Similar to CDs, Series I bonds require you to keep your money invested for an extended period of time to get the maximum benefit. All Series I bonds have a 30-year maturity and are zero coupon bonds, meaning interest isn’t paid until you redeem the bond. Instead, the interest you earn is added to the value of the bond, which then earns more interest moving forward.

Interest is earned monthly, but compounding is done semi-annually. This means that every six months, the interest earned is added to the value of your bond. From that point forward, interest is earned on that new, higher bond value.

You cannot redeem an I bond sooner than 12 months after purchase, and there is a penalty of three months’ worth of interest if you redeem it before five years have passed.

“When inflation is high and other rates are low, even if you redeem it before five years and lose three months, you’re still getting a great return,” says Zizzi.

When you redeem the bond, whether at maturity or earlier, you collect both your initial investment and all of the interest earned.

What do I do when my Series I bond matures?

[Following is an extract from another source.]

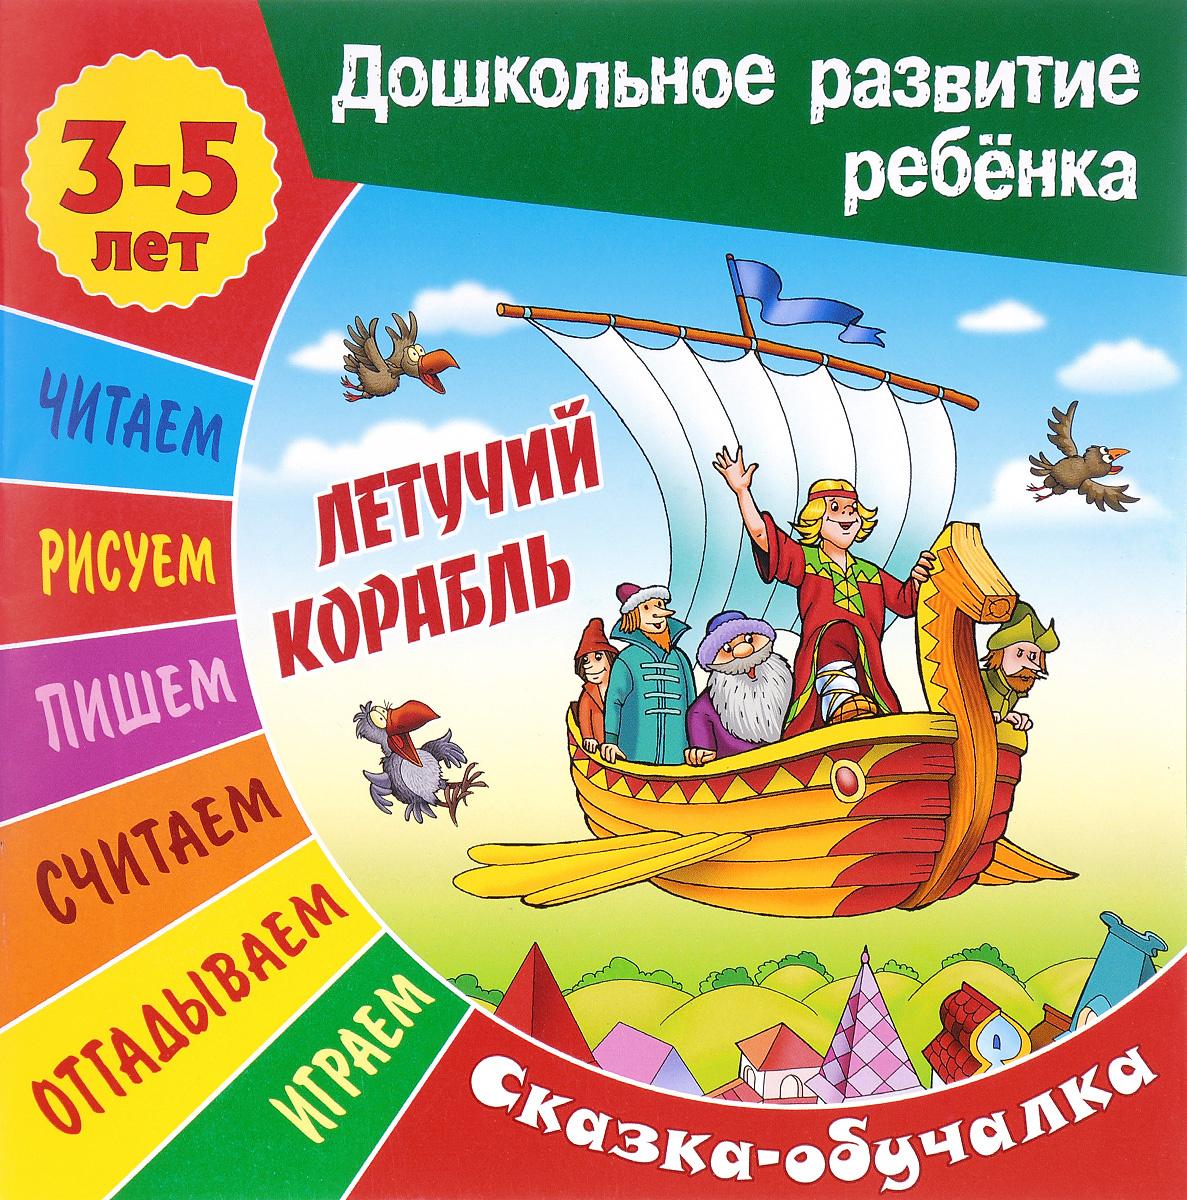 Летучий корабль. Сказка-обучалка #1

Series I bonds earn interest for up to 30 years, which includes an initial 20-year maturity period, followed by an automatic 10-year extended maturity if the bond hasn’t already been redeemed.

With digital Series I bonds (see below for more detail), the redemption value is automatically deposited into your account with TreasuryDirect at maturity.

With paper bonds, you have to redeem the bond manually. You can do this through TreasuryDirect by completing FS Form 1522, or you can check with your local bank to see if they can redeem the bond for you.

How to buy Series I bonds

As of Jan. 1, 2025, you can only purchase Series I bonds digitally—through the TreasuryDirect website.  This also allows you to track exactly how much your bonds are worth at any given time. Here’s how to buy a Series I bond through the website.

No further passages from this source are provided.